Sunitinib, sold under the brand name Sutent, is an anti-cancer medication.[2] It is a small-molecule, multi-targeted receptor tyrosine kinase (RTK) inhibitor that was approved by the FDA for the treatment of renal cell carcinoma (RCC) and imatinib-resistant gastrointestinal stromal tumor (GIST) in January 2006. Sunitinib was the first cancer drug simultaneously approved for two different indications.[3]

As of August 2021, sunitinib is available as a generic medicine in the US.[4]

Medical uses[edit]

Gastrointestinal stromal tumor[edit]

Like renal cell carcinoma, gastrointestinal stromal tumor does not generally respond to standard chemotherapy or radiation. Imatinib was the first cancer agent proven effective for metastatic gastrointestinal stromal tumor and represented a major development in the treatment of this rare but challenging disease. However, approximately 20% of patients do not respond to imatinib (early or primary resistance), and among those who do respond initially, 50% develop secondary imatinib resistance and disease progression within two years. Prior to sunitinib, patients had no therapeutic option once they became resistant to imatinib.[5]

Sunitinib offers patients with imatinib-resistant gastrointestinal stromal tumor a new treatment option to stop further disease progression and, in some cases, even reverse it. This was shown in a large, Phase III clinical trial in which patients who failed imatinib therapy (due to primary resistance, secondary resistance, or intolerance) were treated in a randomized and blinded fashion with either sunitinib or placebo.[5]

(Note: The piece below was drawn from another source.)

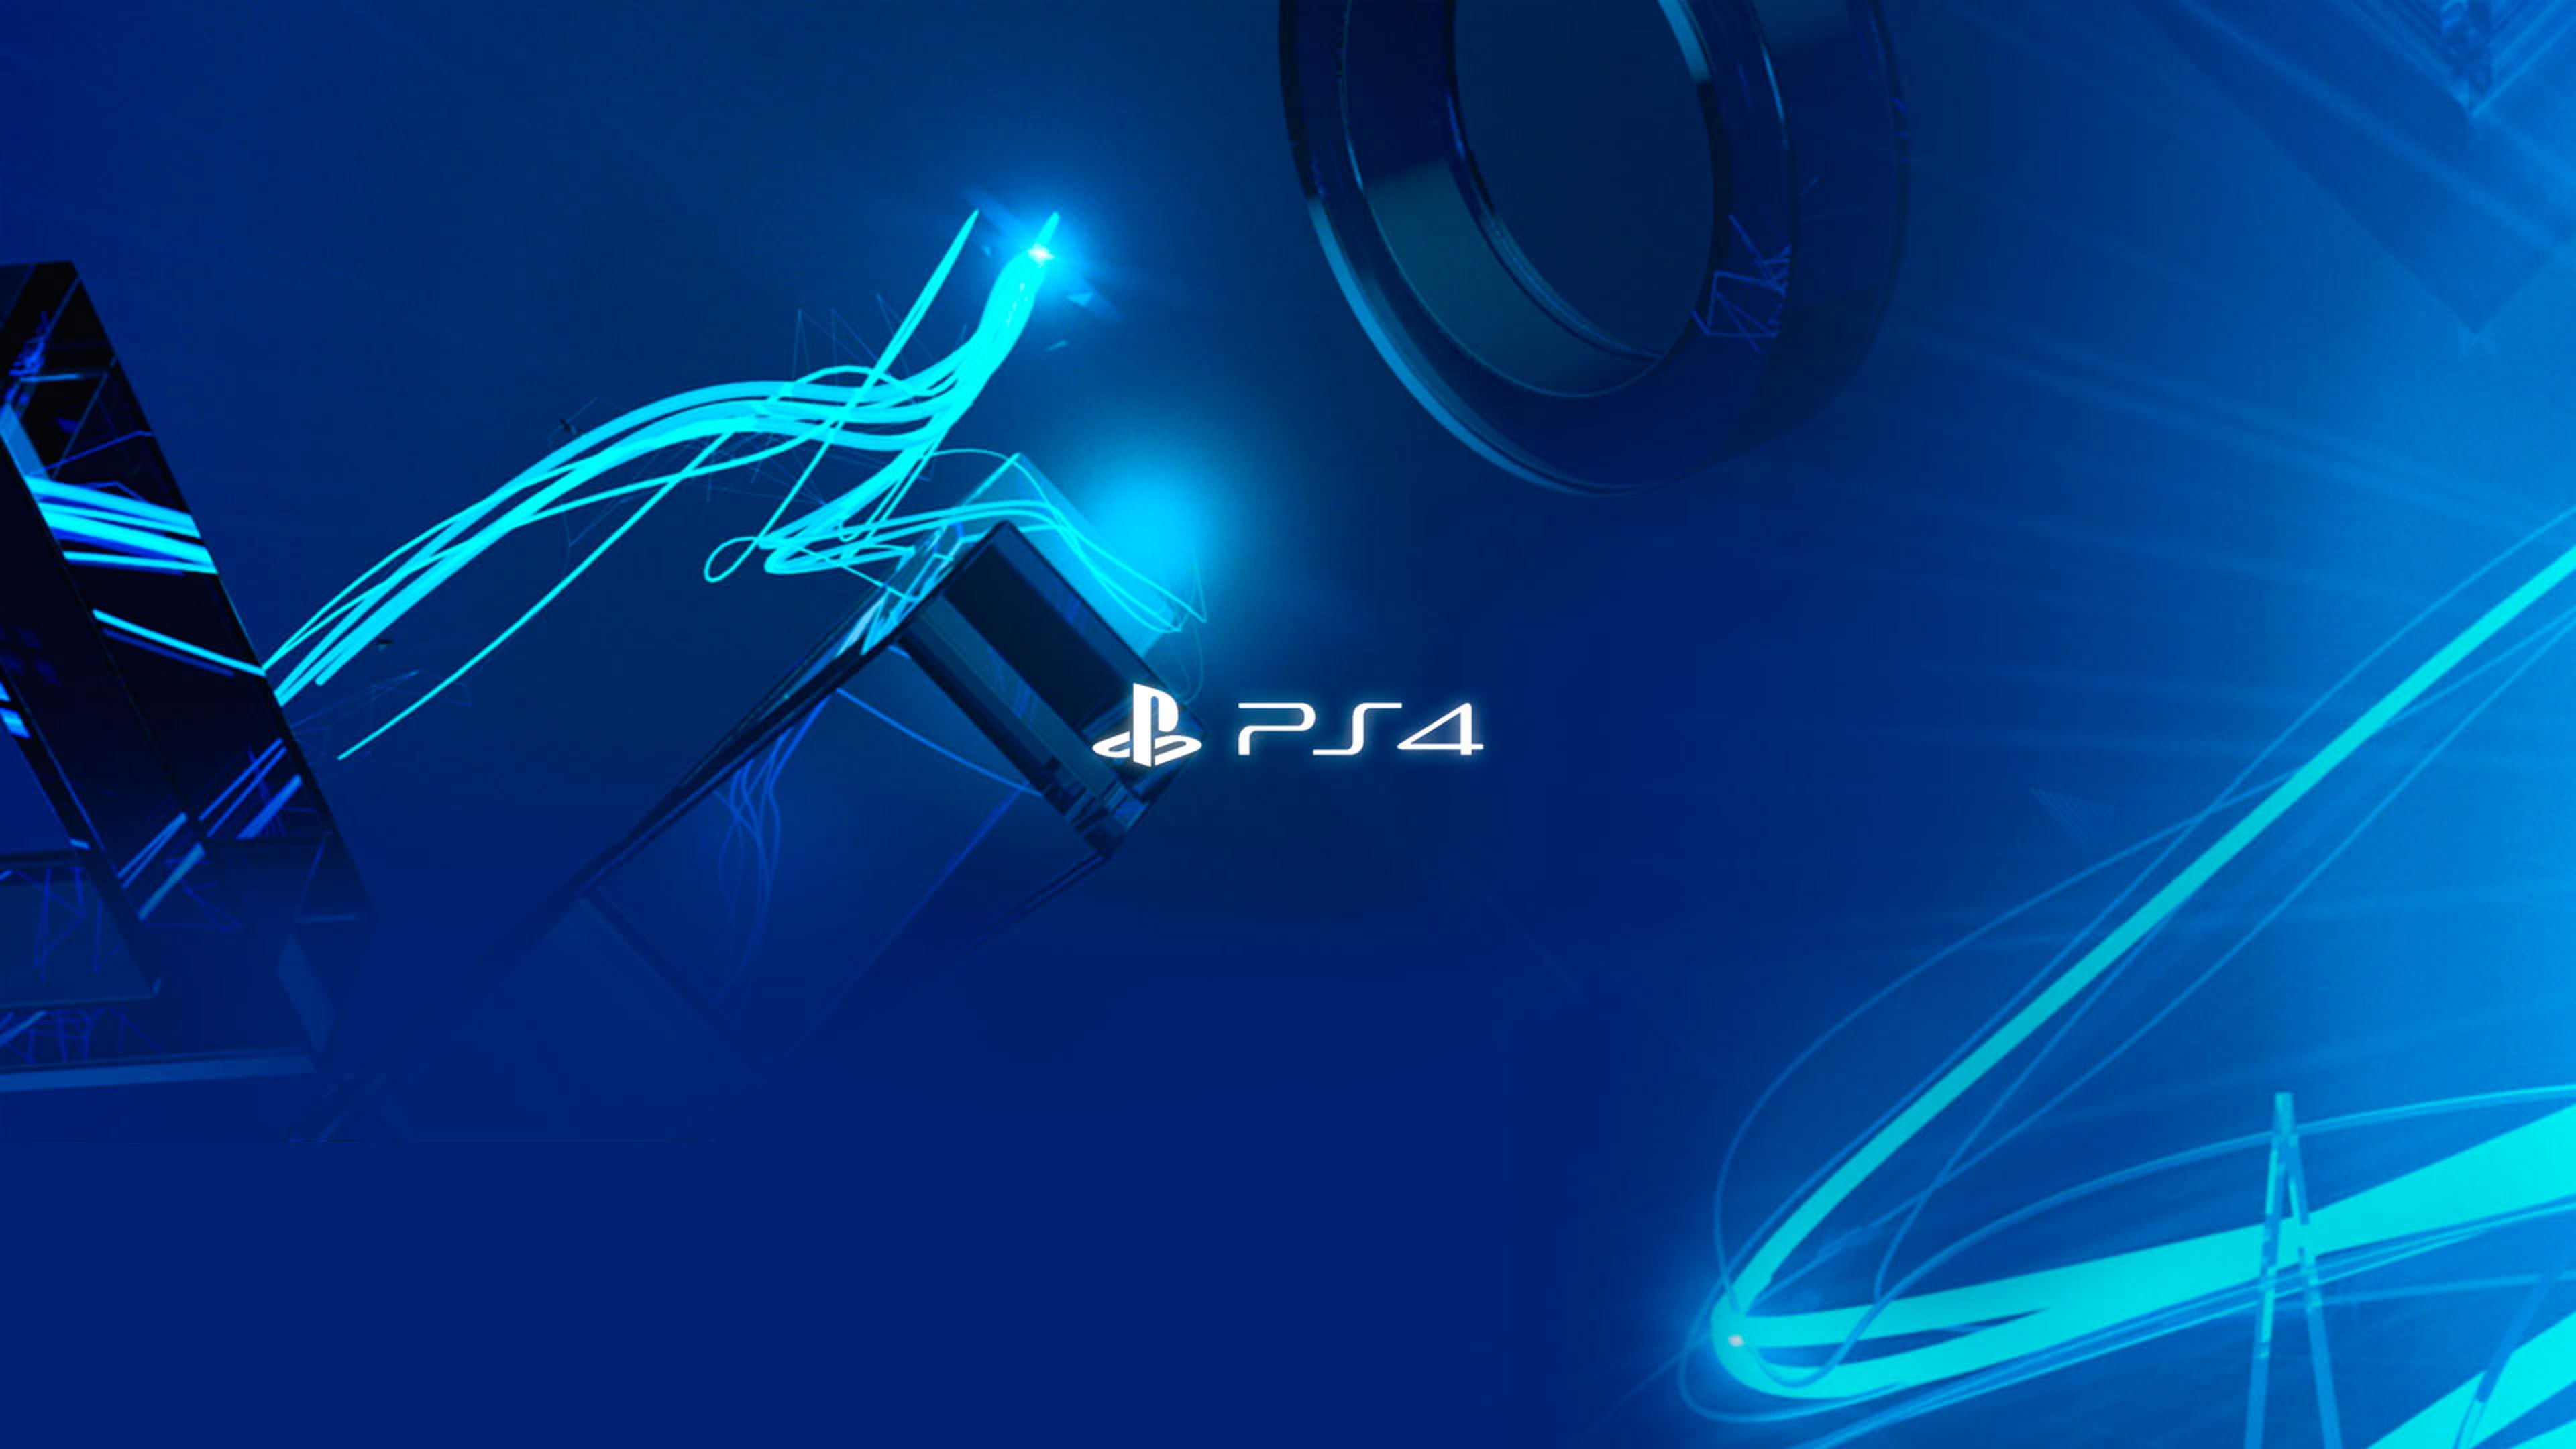 Sony espera vender 3 millones de PS4 antes de 2014
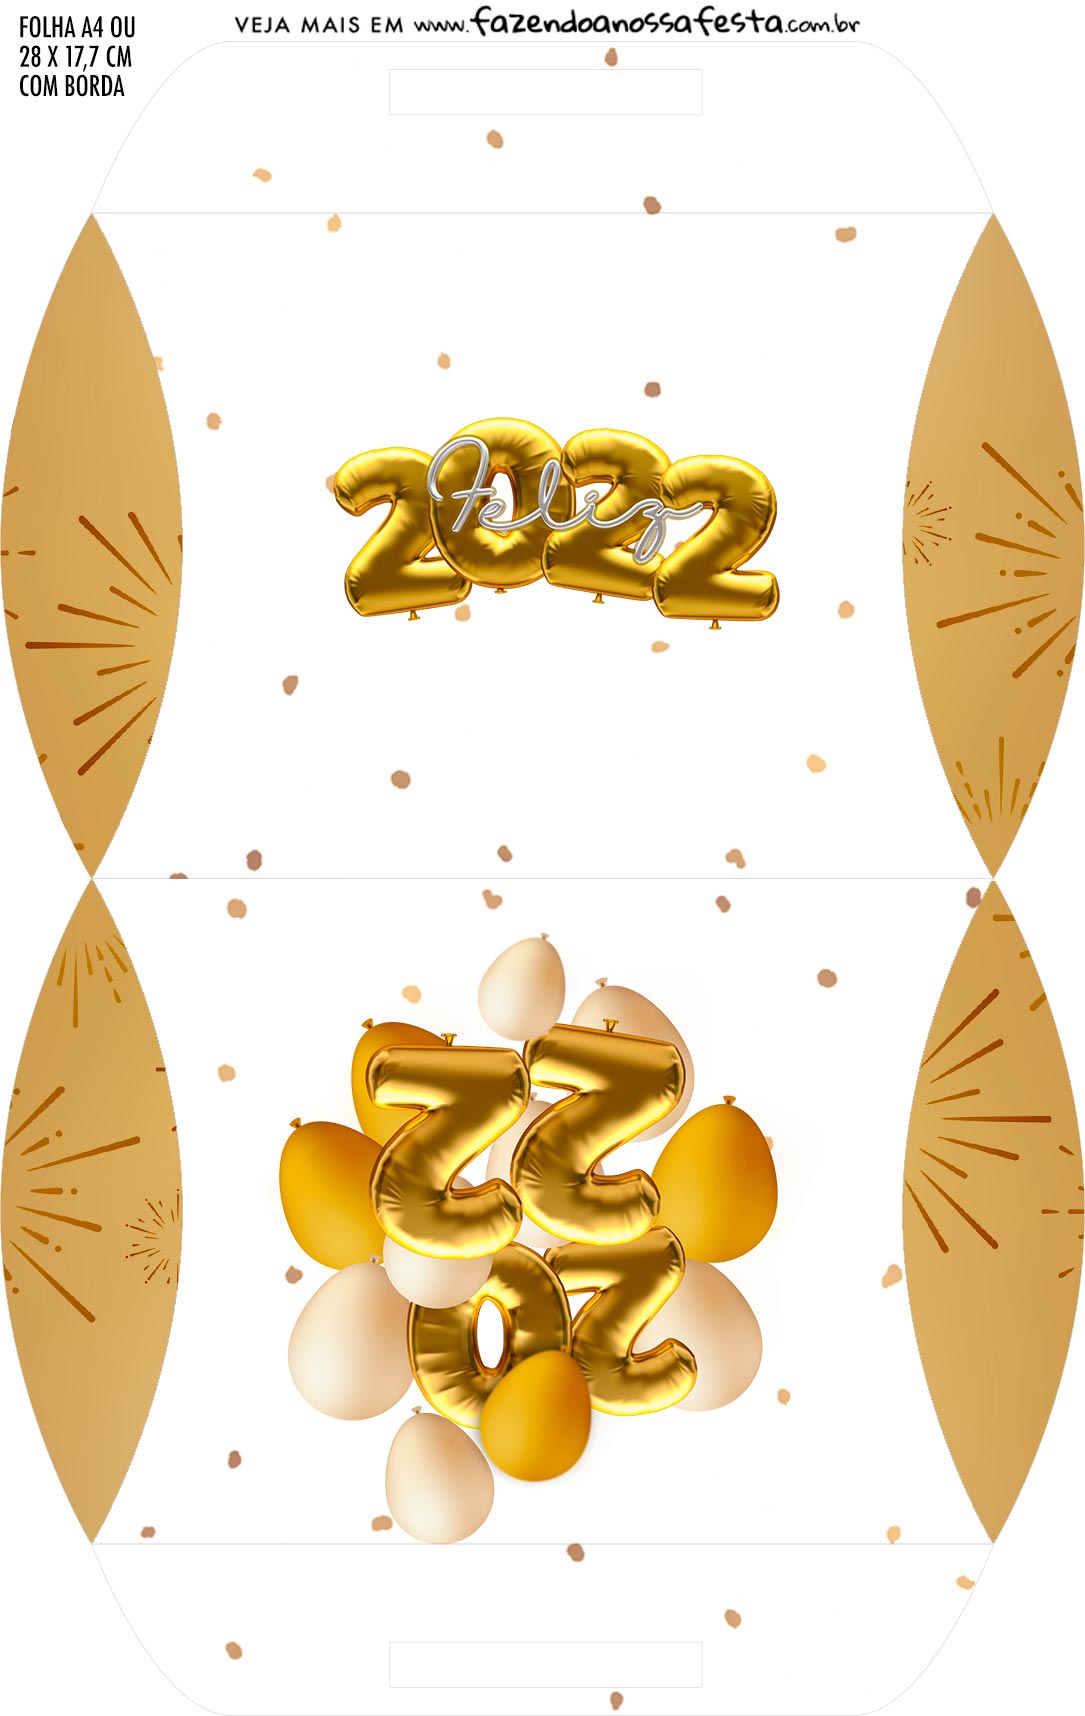 Caixa Almofada bolsinha Ano Novo 2022

The study was unblinded early, at the very first interim analysis, due to the clearly emerging benefit of sunitinib. At that time, patients receiving placebo were offered to switch over to sunitinib. In the primary endpoint of this study, median time to tumor progression (TTP) was more than four-fold longer with sunitinib (27 weeks) compared with placebo (six weeks, P<.0001). These are based on the assessments of an independent radiology lab assessment. The benefit of sunitinib remained statistically significant when stratified for a multitude of prespecified baseline factors.[5]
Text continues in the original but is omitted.